Dependent typing and Refinement Typing for D
sighoya
sighoya at gmail.com
Sat Dec 21 12:52:47 UTC 2019
> I understand what you mean, but I don't really think you mean
> gradual typing. That would be more common in dynamic languages
> where you may choose to gradually apply more and more
> constraints.
I mentioned exactly gradual typing and D has already dynamic
typing regarding generic constraints, though D's duck typing is
at compile time, so gradual typing at runtime for runtime values
would be the dual to compile duck typing for compile time values
at compile time.
>So you can start with a runtime checked prototype
> and end up with a statically checked final program.
No, I would only use runtime checking. Even general dependent
typing requires at some point runtime assertions aka Path
Dependent typing ala Scala.
> Which is kinda cool, but not possible for D.
Why?
> You need more machinery and annotations than just a SAT solver.
Why?
You only need SAT solving in cases where you want to up propagate
runtime assertion inserted by the compiler or for overload
resolution. It don't have to be perfect though and we may can
help with some kind of annotation, i.e. manually specifying the
overload order.
> I think it is better for D to instead explore what it already
> does, that is to do more thorough data flow analysis or
> abstract interpretation.

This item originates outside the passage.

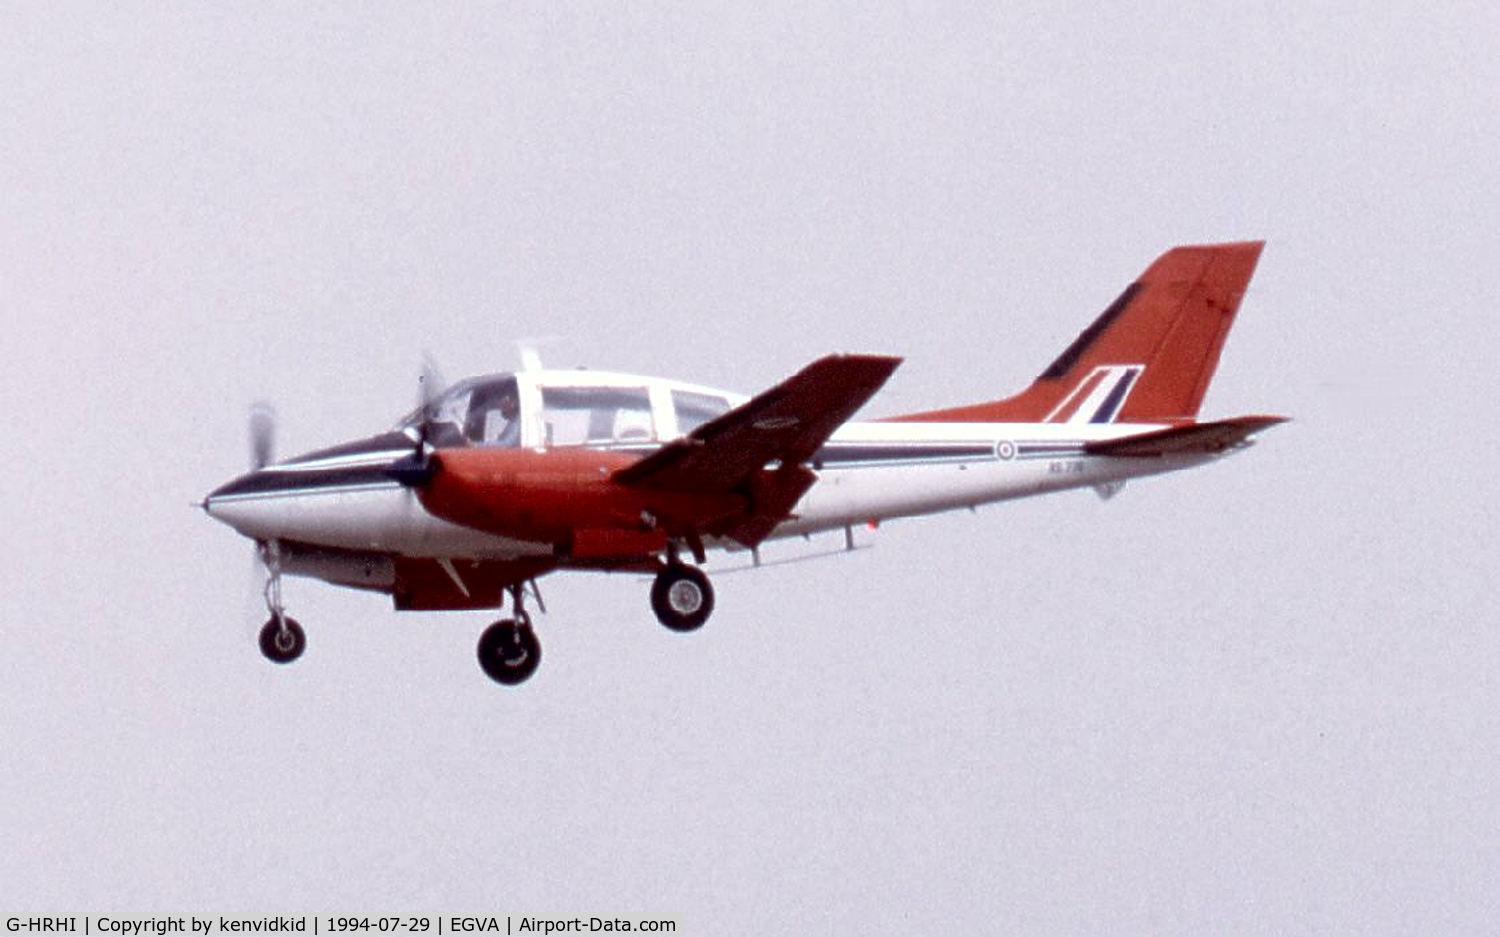 G-HRHI, 1965 Beagle B-206R Basset CC.1 C/N B014, G-HRHI arriving at RIAT.

Essentially add flow-typing and
> refinement typing (of some sort).
This is non gradual dependent typing (general/classic dependent
typing).
At first, it is very compile time consuming because of tracking,
e.g. proofing a list is extended with m additional members
requires to track the count of push functions called in scope.
At second, it is generally undecidable you need to insert
manually proofs for it which you don't need for gradual dependent
typing as all runtime variables become constants at runtime.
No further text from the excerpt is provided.